Однако субъективизм такого анализа очевиден, ибо там, где одни видят альтернативу, другие уверяют о предрешенности победы более прогрессивных (или наоборот) сил и тенденций.
Контрфактический метод предполагает не альтернативный, а вымышленный вариант развития. Одним из крупнейших представителей американской if-history, работающем в этом направлении, является Роберт Фогель. Он прославился двумя исследованиями контрфактического развития Соединенных Штатов (за что в свое время подвергся прямо-таки уничтожающей критике со стороны советских историков).
В первой работе на основе сложнейших математических построений он создает модель развития американского общества, в котором не существует железных дорог. Отсутствующие железные дороги Фогель заменил собственноручно созданной сетью каналов, охватившей всю страну. Затем, исходя из критерия «общественного сбережения» (то есть на сколько бы дороже обошлись перевозки гужевым и водным транспортом), он сделал вывод о ненужности современных железных дорог вообще! Реальное «общественное сбережение» по сравнению с гипотетическими построениями было незначительным. То есть, согласно Фогелю, спрос на строительство железных дорог был искусственно создан сталелитейными предприятиями. Но американский ученый не учитывал роль железных дорог в создании национального рынка, благодаря возросшей скорости перевозок. Кроме того, уровень цен на водные перевозки, из которых исходил Фогель, более чем сомнителен.
Но дело не в этом! Важна была сама попытка исследовать роль одного из факторов в мировой истории посредством его устранения.
Другое исследование Фогеля касалось экономической жизнеспособности рабства.
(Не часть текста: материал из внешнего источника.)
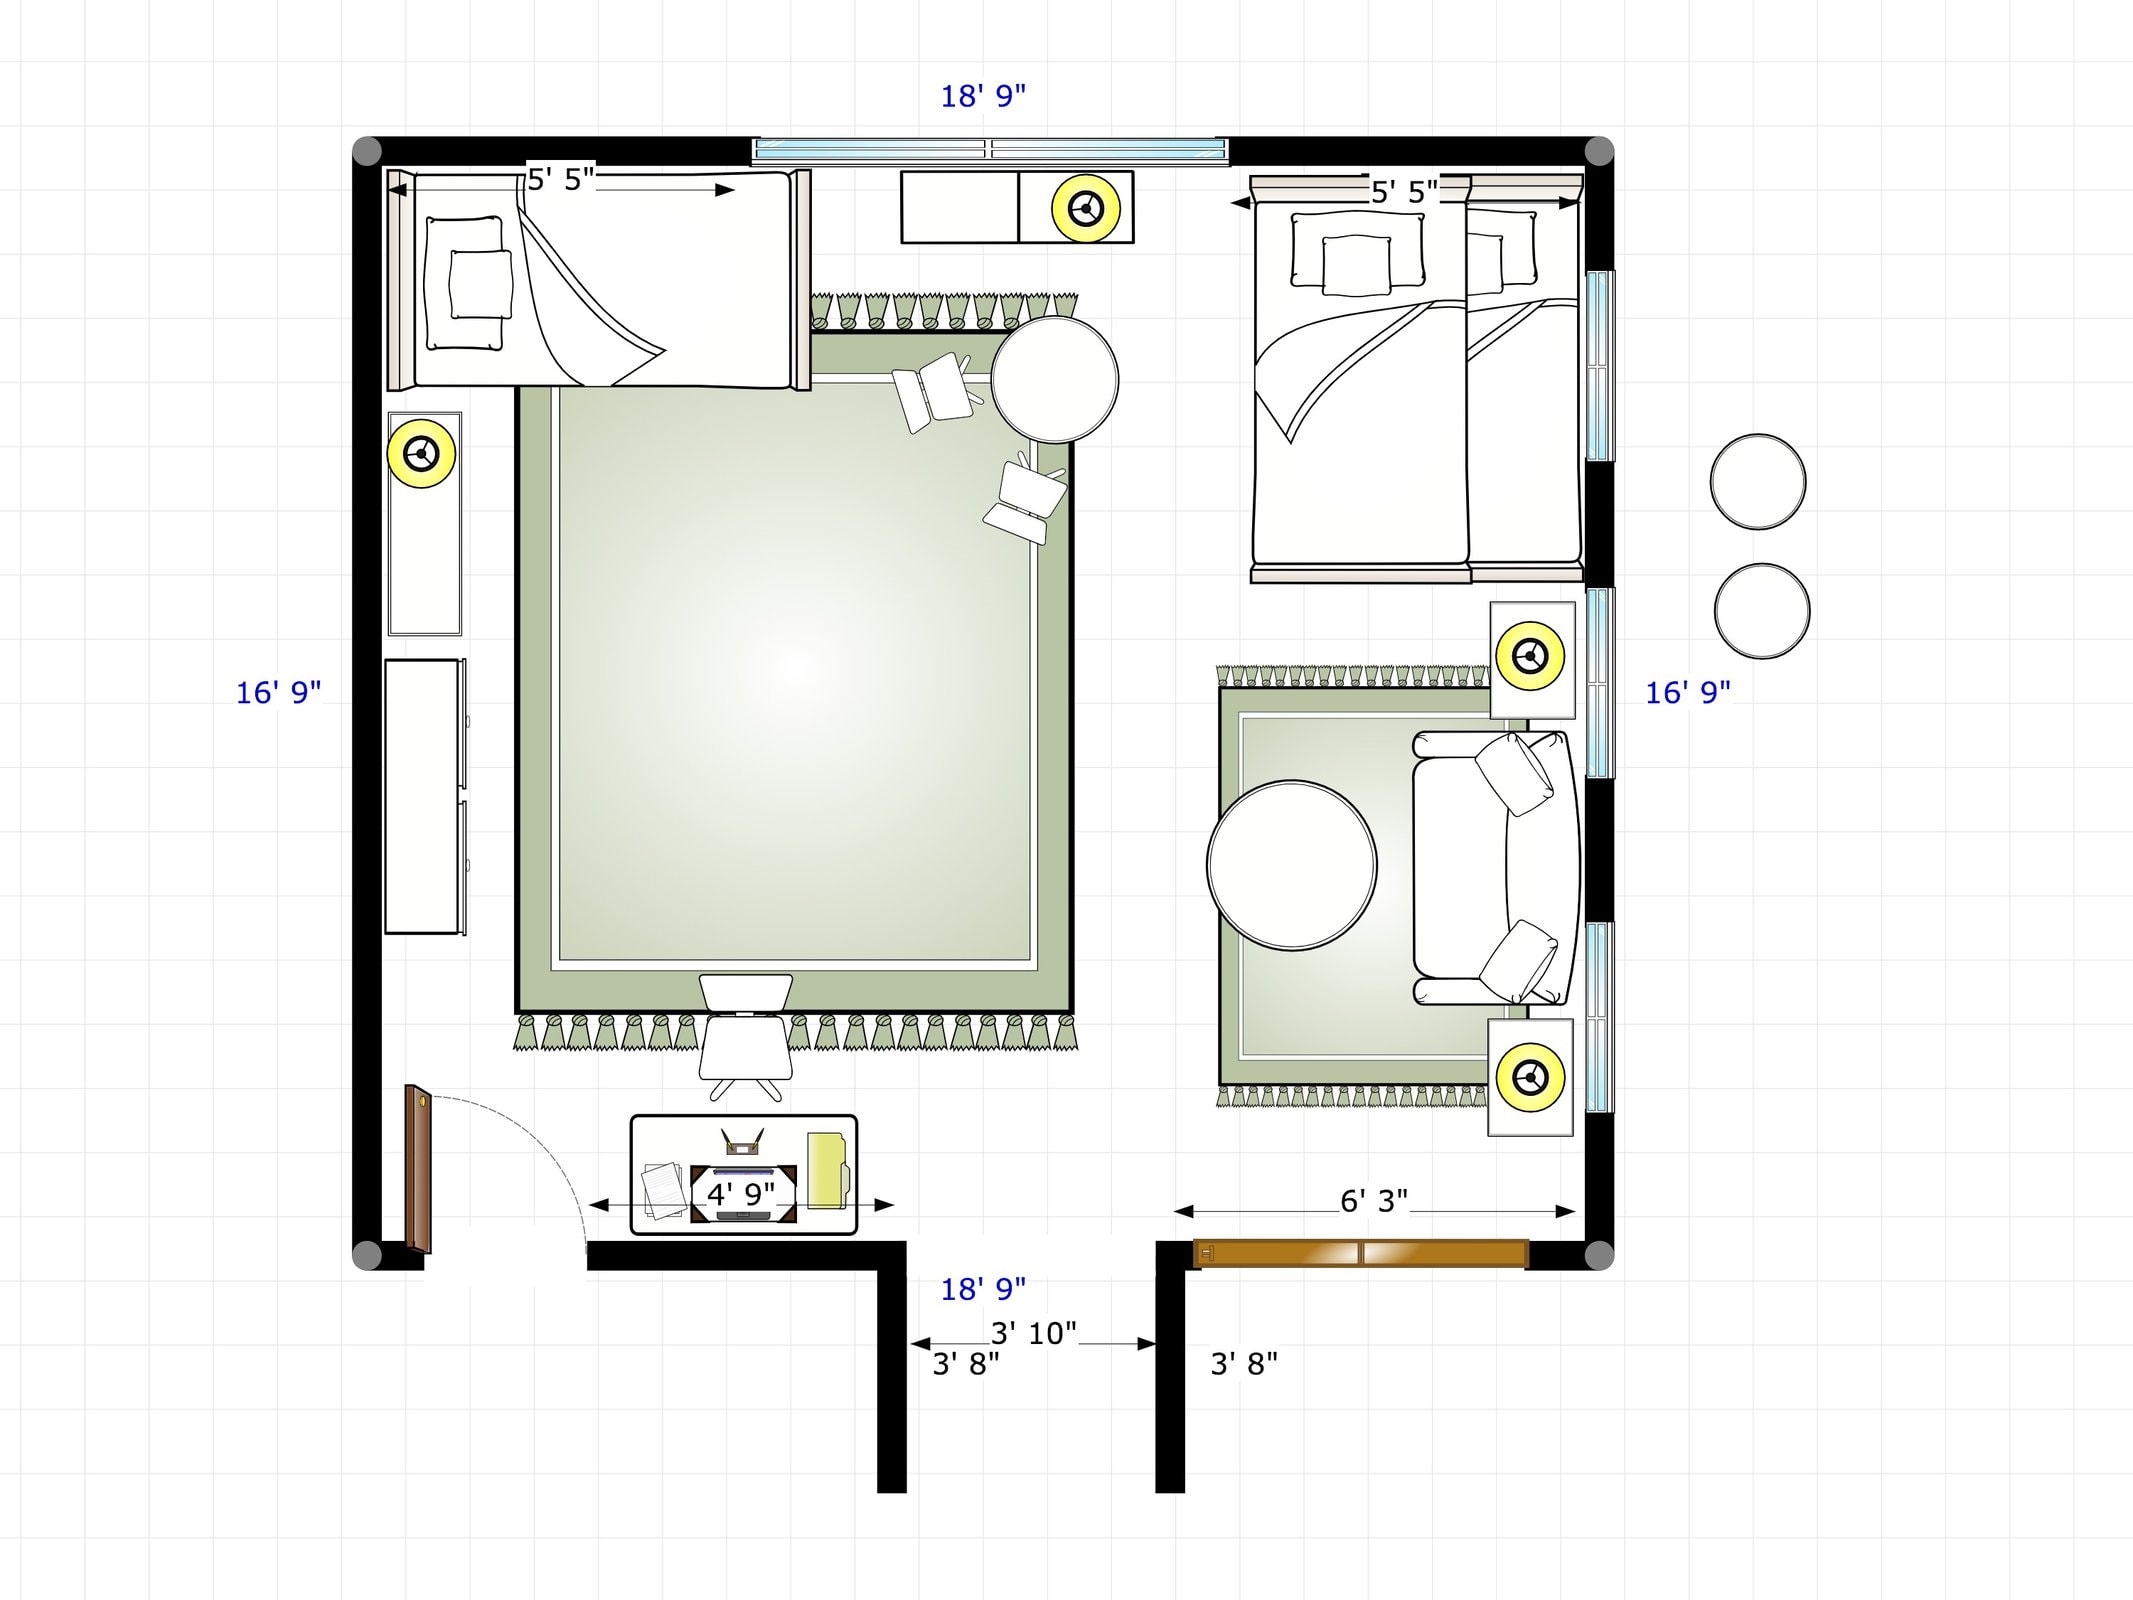 furniture layout for women's shelter

Вопрос ставился так: что было бы, не случись отмены рабства в южных штатах в результате четырехлетней Гражданской войны? Здесь выводы Фогеля оказались более объективными. Действительно, в условиях ведения хозяйства на плантациях рабовладение представляло наиболее эффективный способ производства. Марксистский же тезис о «предопределенности» отмены рабства оказался более чем спорным. Известно, что исход Гражданской войны несколько раз висел на волоске. Более того, до попытки отделения южных штатов Линкольн даже не помышлял об отмене рабства на Юге.
Ценность и важность изучения if-history подтвердилась тем фактором, что за свои исследования в области альтернативной истории Фогель получил Нобелевскую премию по экономике.
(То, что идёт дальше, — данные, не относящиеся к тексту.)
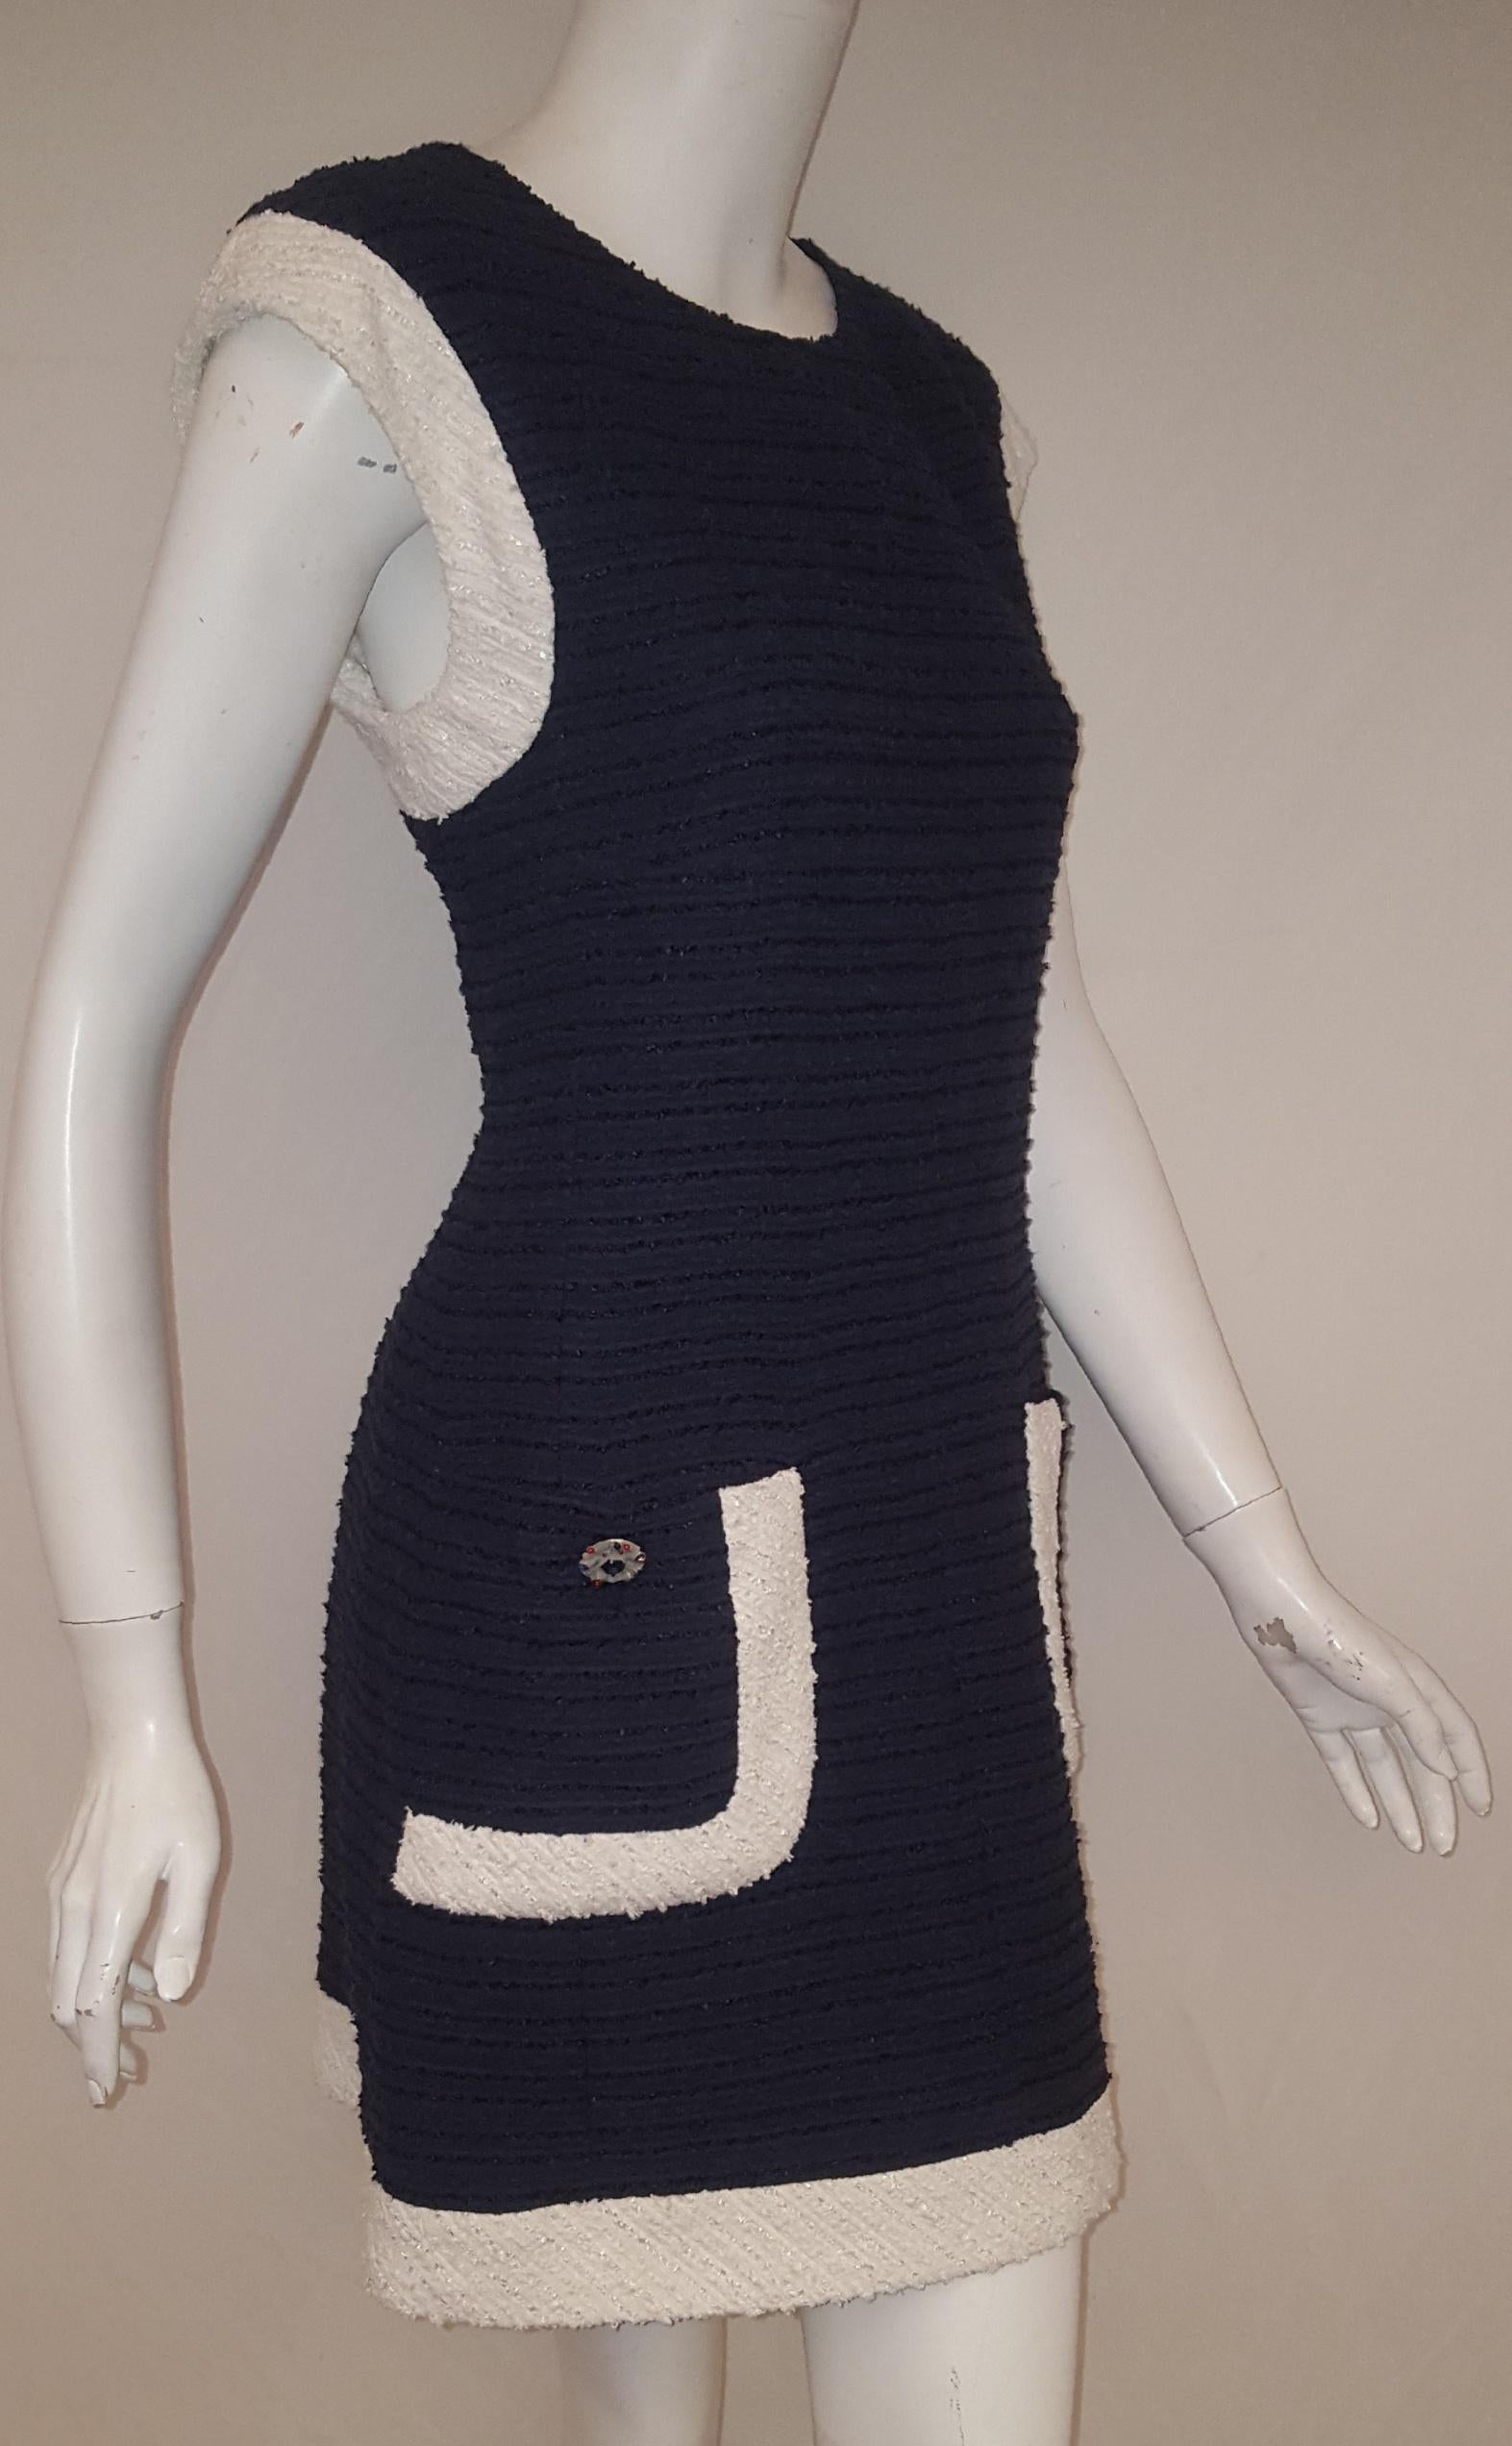 Chanel navy and white boucle sleeveless dress from the 2014 collection includes an artistic multi color gripoix button at each patch pocket.  This dress is trimmed in white boucle around arm opening, patch pocket and  at hem. For closure a hidden

Сейчас на Западе изучение if-history особенно «модно» в среде молодых исследователей. Хотя их работы и выглядят строго научными, они тем не менее сами не скрывают субъективность подхода. Методологической основой их подхода к альтернативной истории является теория хаоса, разработанная французским математиком Анри Пуанкаре. В ней речь идет о чрезвычайной чувствительности любой системы ко всем изначально заданным условиям. Нагляднее всего ее проиллюстрировал Эдвард Лоренц на примере так называемого «эффекта бабочки», взмах крыла которой сегодня может оказать решающее влияние на то, пронесется или нет на следующей неделе ураган через южную Англию. Другими словами, самые незначительные изменения в системе могут вызвать непредсказуемые последствия. Возможно, этот пример подвигнул Рея Брэдбери написать свой знаменитый рассказ «И грянул гром», в котором раздавленный мотылек в прошлом привел к фашистской диктатуре в наше время.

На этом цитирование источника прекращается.